Si je ne crois en rien c’est que ma croyance se limite à moi même.
A religieux ou religieux, sans ignorance nous sommes des véritables croyants.
Agnostique, cherches au dedans de toi même le secret de ton divin dehors disait Garat.
Car la véritable connaissance des choses commence par la connaissance de soi même.
Il y’a ceux qui croient en un Seul Dieu, créateur de l’univers et de tous les êtres Il y’a ceux que les yeux ne contemplent que la beauté de la nature façonnée d’une main invisible qui soulève tant d’étonnement encore.
Il y’a ceux qui parcourent les terres de Médine et de Jérusalem sur les traces des prophètes et hommes pieux qui ont marqués leur foi.
Il y’a les sages et les érudits qui défilent sur le chemin de l’Égypte et d’Athènes pour assouvir leur désir de la connaissance !
Des loges maçonniques à la gnose, des monastères aux religions monothéistes, nous ne cherchons que la lumière car nul être ne veut demeurer dans les ténèbres.
Ce qui est lumière chez les uns est ténèbres chez les autres, Et la seule vérité en qui l’on croit est la véritable illusion que l’autre combat.
Nous aspirons tous à la lumière mais nous n’empruntons pas tous la même voie Ce que l’oeil ne voit plus se cache juste au fond de nous même et ceux qui connaissent l’être suprême ne le connaissent que par la foi.
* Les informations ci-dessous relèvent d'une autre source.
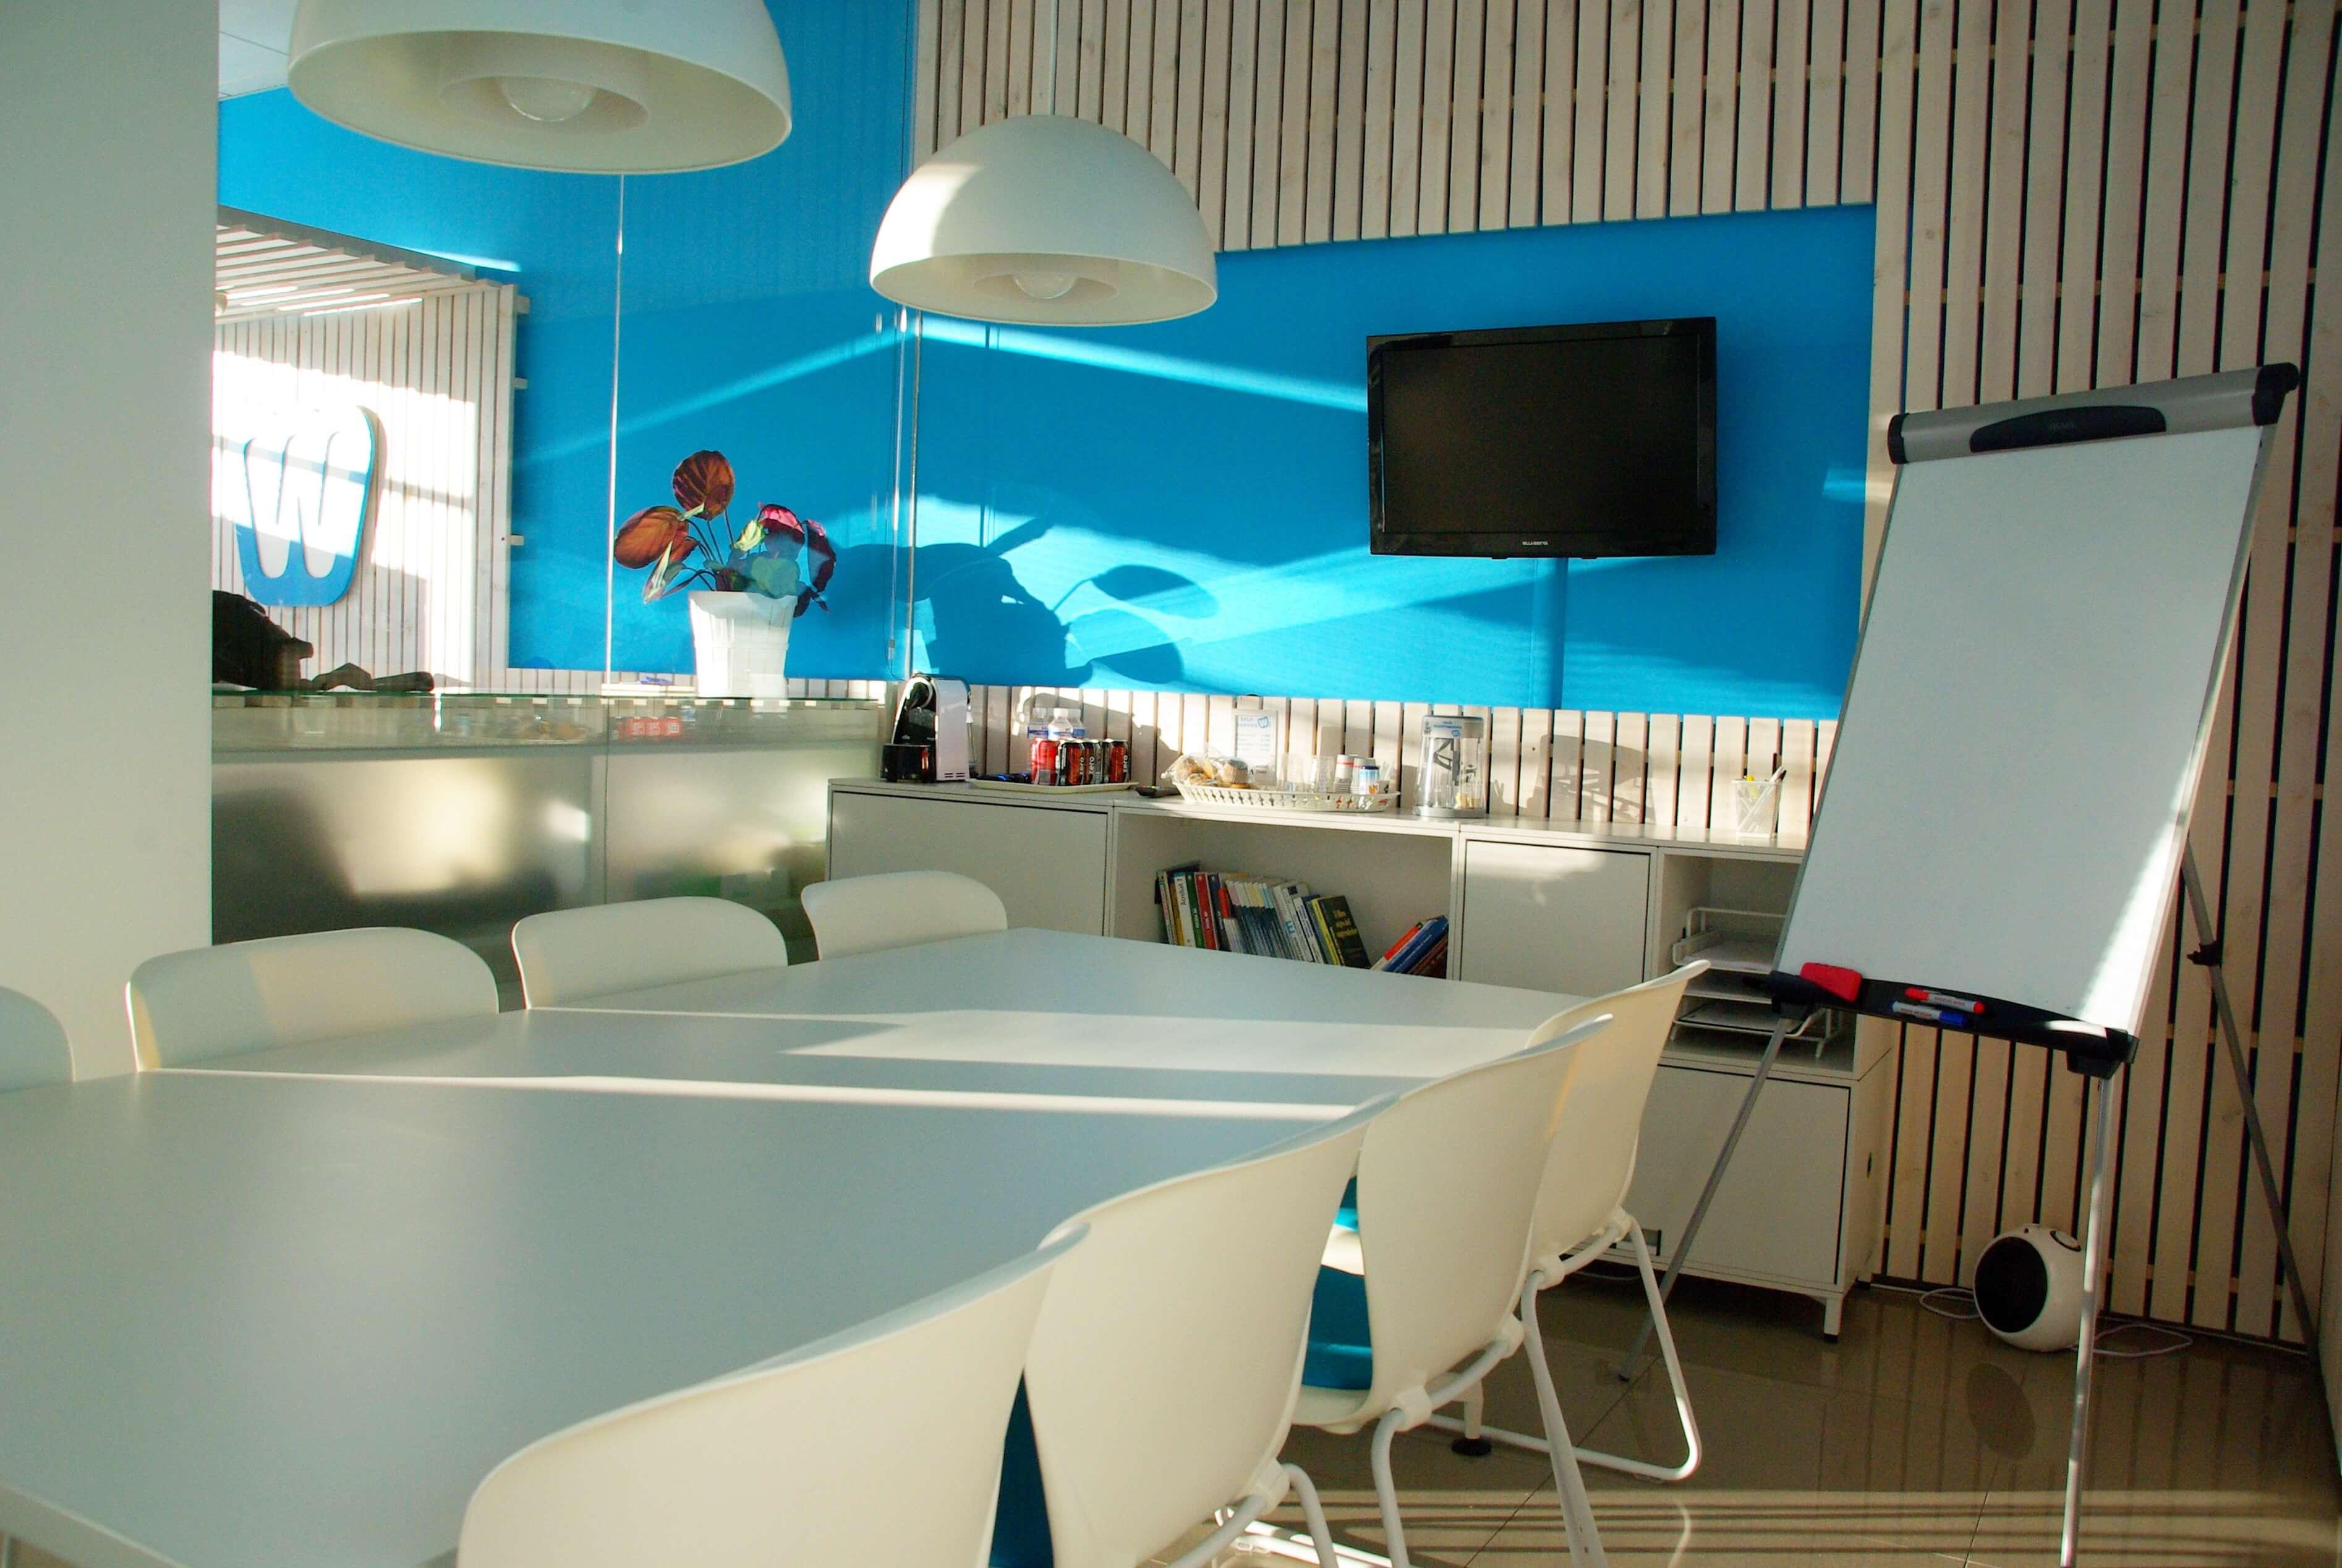 best office decor. pexels-photo-210620 best office decor snacknation

Nul peut douter que le soleil, la lune, les eaux nous cachent tant de mystères qui font d’eux des dieux.
Forêts sacrées ou monts divins.
L’homme se divinise ou divinise tant des choses à travers la force mentale qui accompagne sa foi.
Nous sommes des dieux très semblables à ce que nous avons comme Dieu Qu’il soit ici bas, sous la mère, sous la terre ou dans les airs.
A religieux ou religieux Sans ignorance nous sommes des véritables croyants Si nous ne croyons en rien C’est que nous croyons en nous même.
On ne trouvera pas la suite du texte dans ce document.